- _WHAT YOU HAVE TO DO_
For the records below, copy exactly the span that begins at the line containing "John Dos Passos: Breaking" and stops after the line containing "Born to Be Wild", minus any pictures.

--- STORED DATA Enclosed Below ---

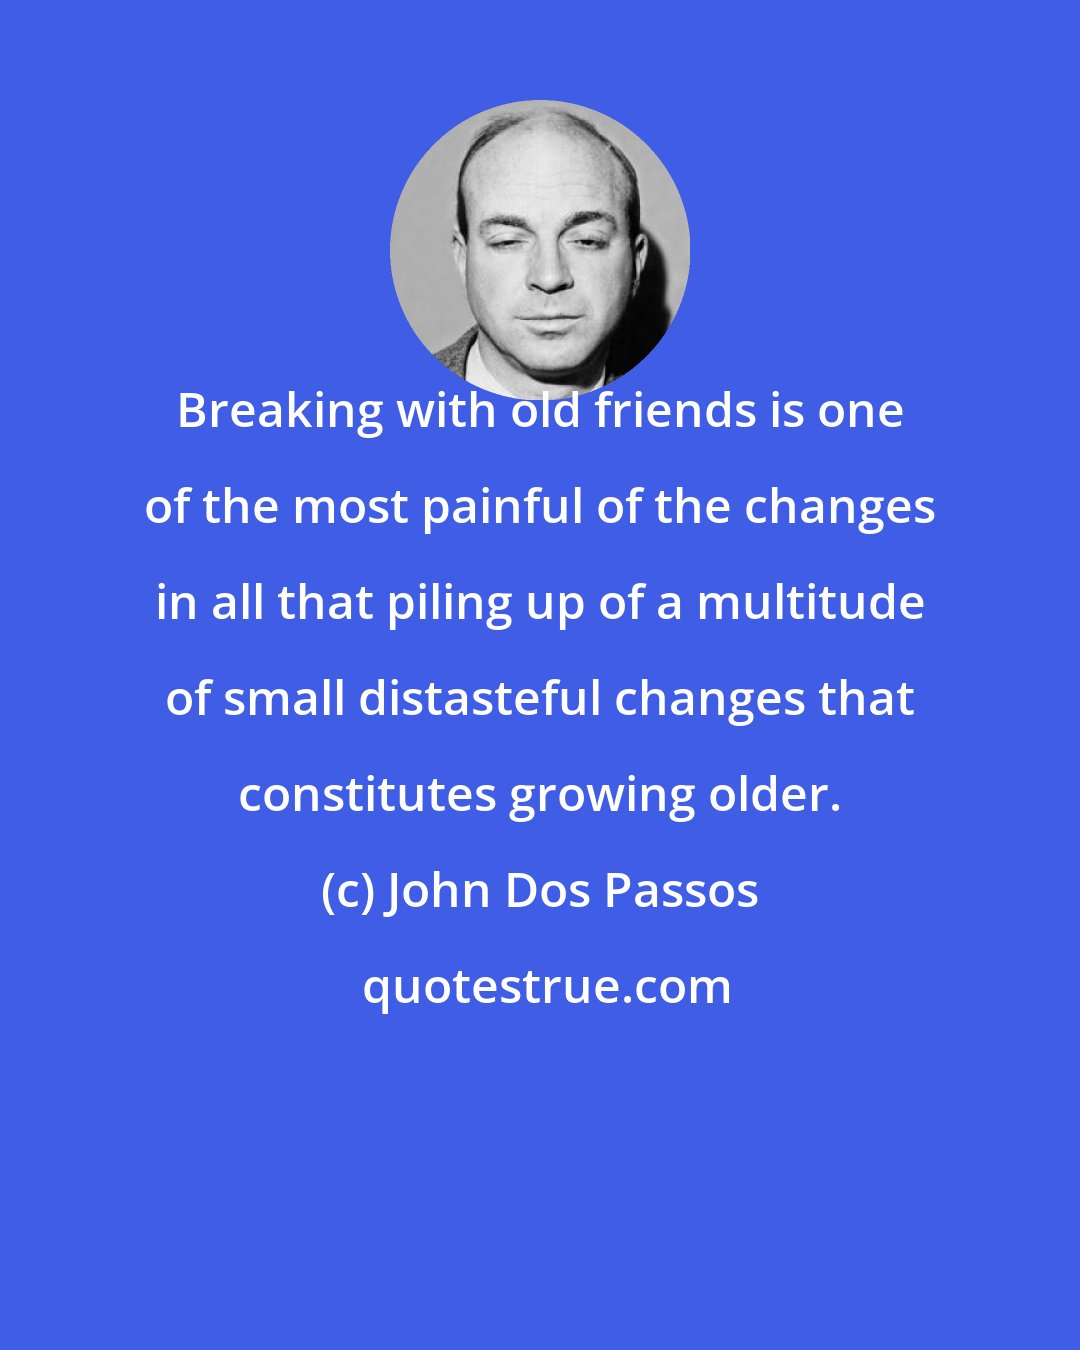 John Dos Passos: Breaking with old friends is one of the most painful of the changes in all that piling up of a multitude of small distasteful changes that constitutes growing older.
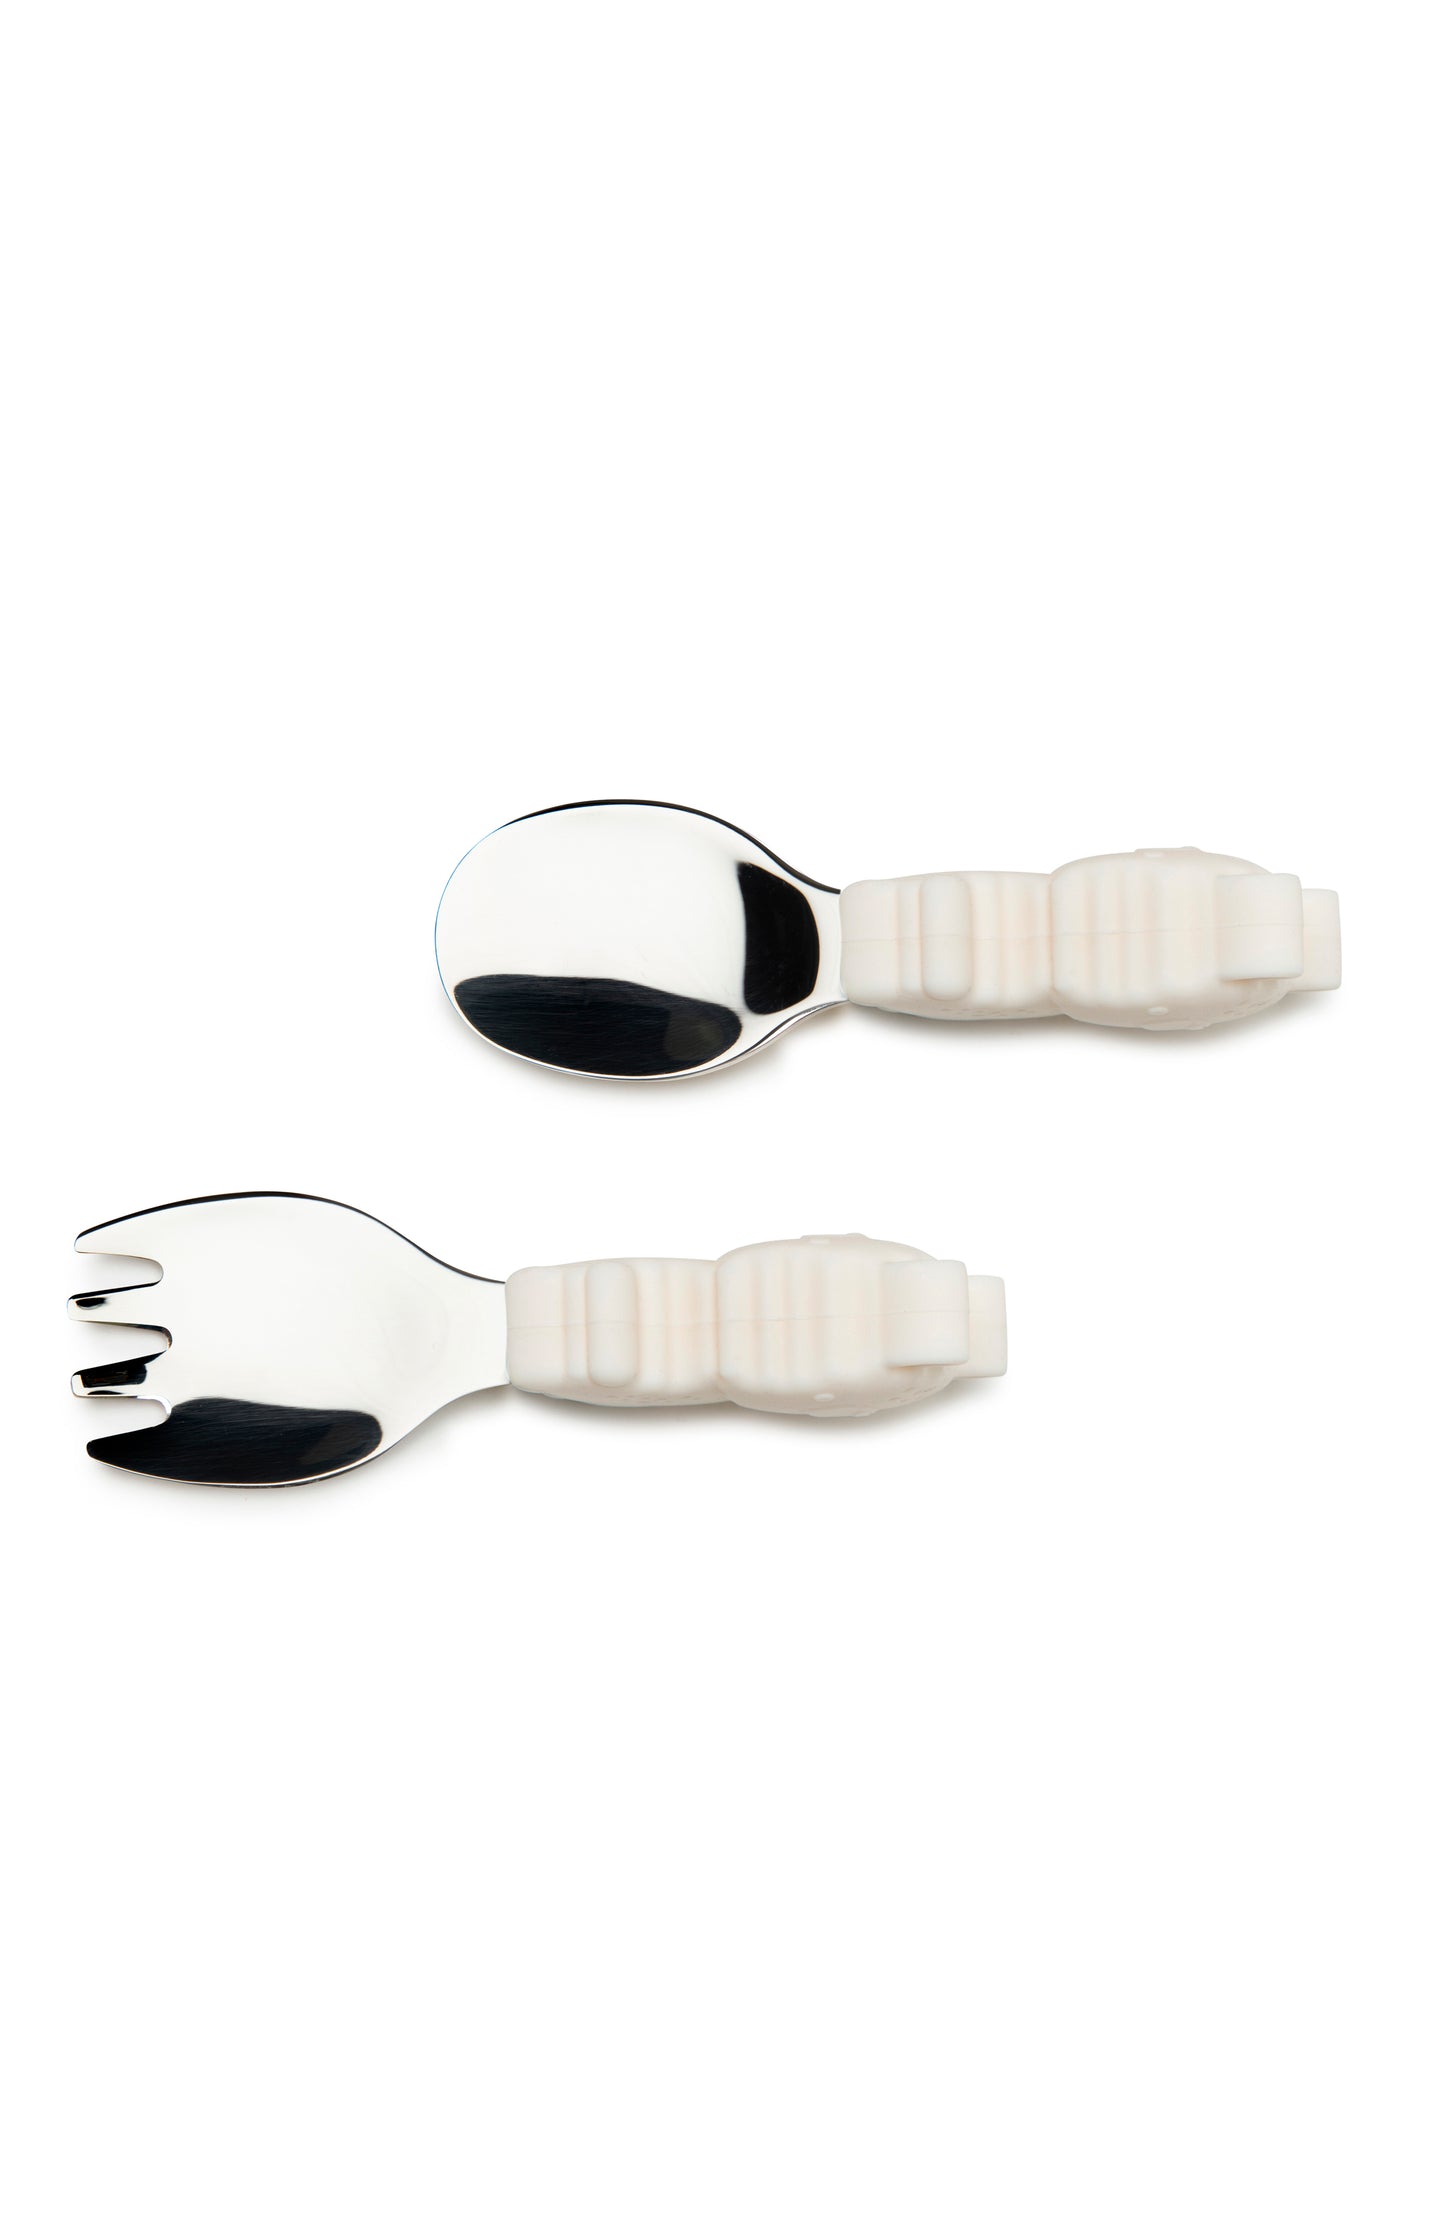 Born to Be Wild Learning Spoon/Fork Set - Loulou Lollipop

--- End of Enclosed STORED DATA ---
--- STORED DATA Enclosed Below ---

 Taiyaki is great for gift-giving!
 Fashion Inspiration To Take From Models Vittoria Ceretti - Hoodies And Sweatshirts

--- End of Enclosed STORED DATA ---
--- STORED DATA Enclosed Below ---

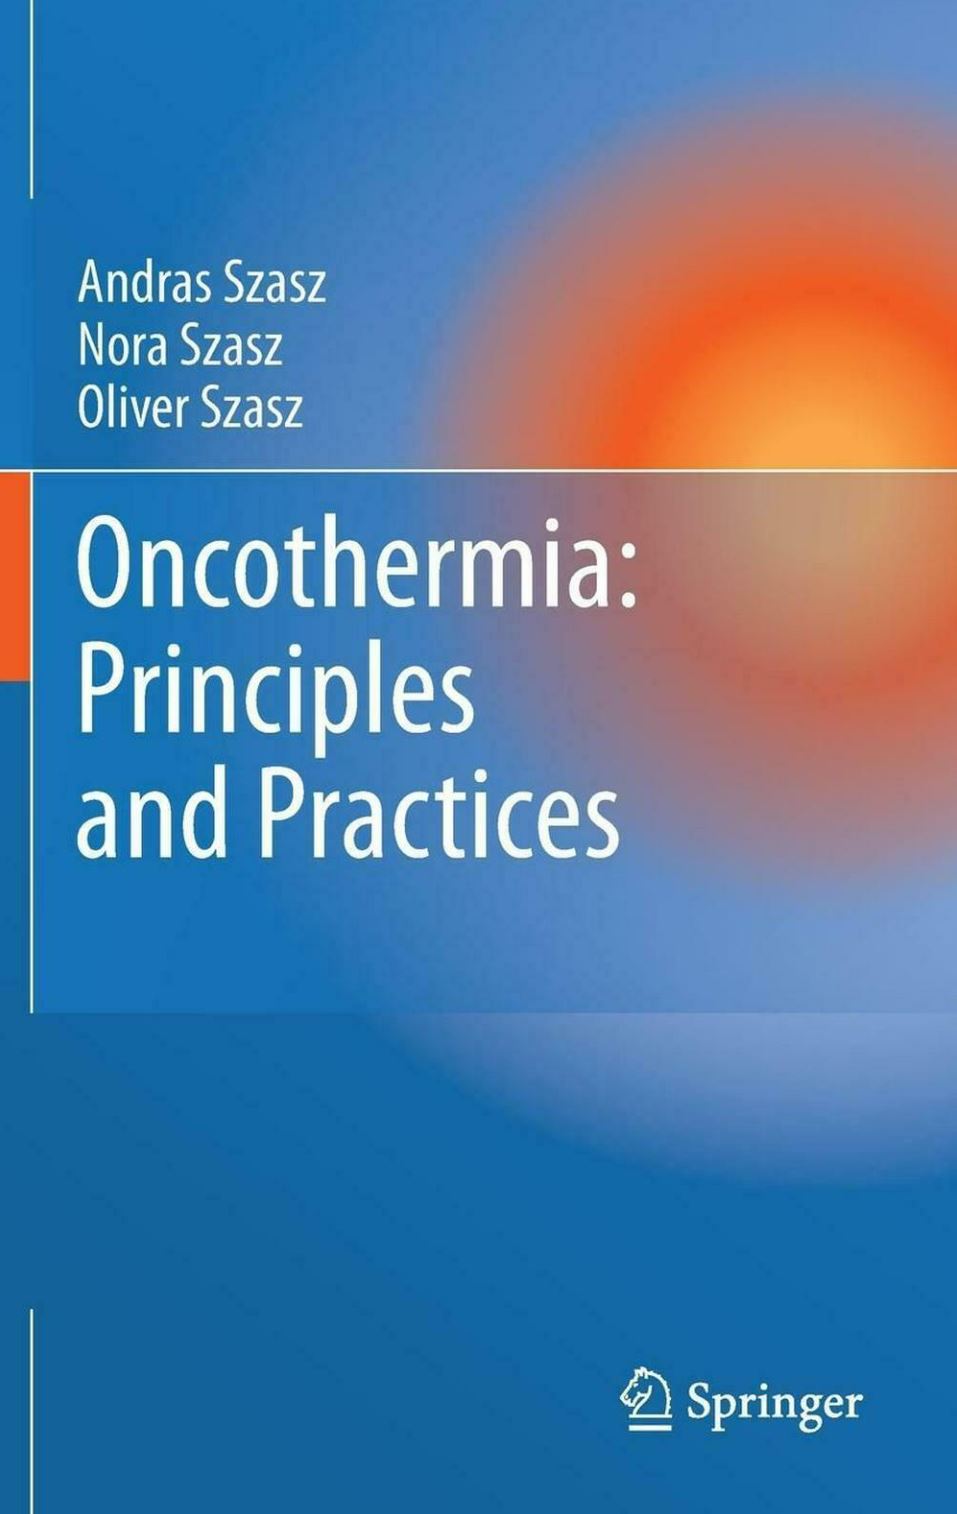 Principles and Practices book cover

--- End of Enclosed STORED DATA ---

- _RESPONSE AREA_
 John Dos Passos: Breaking with old friends is one of the most painful of the changes in all that piling up of a multitude of small distasteful changes that constitutes growing older.
 Born to Be Wild Learning Spoon/Fork Set - Loulou Lollipop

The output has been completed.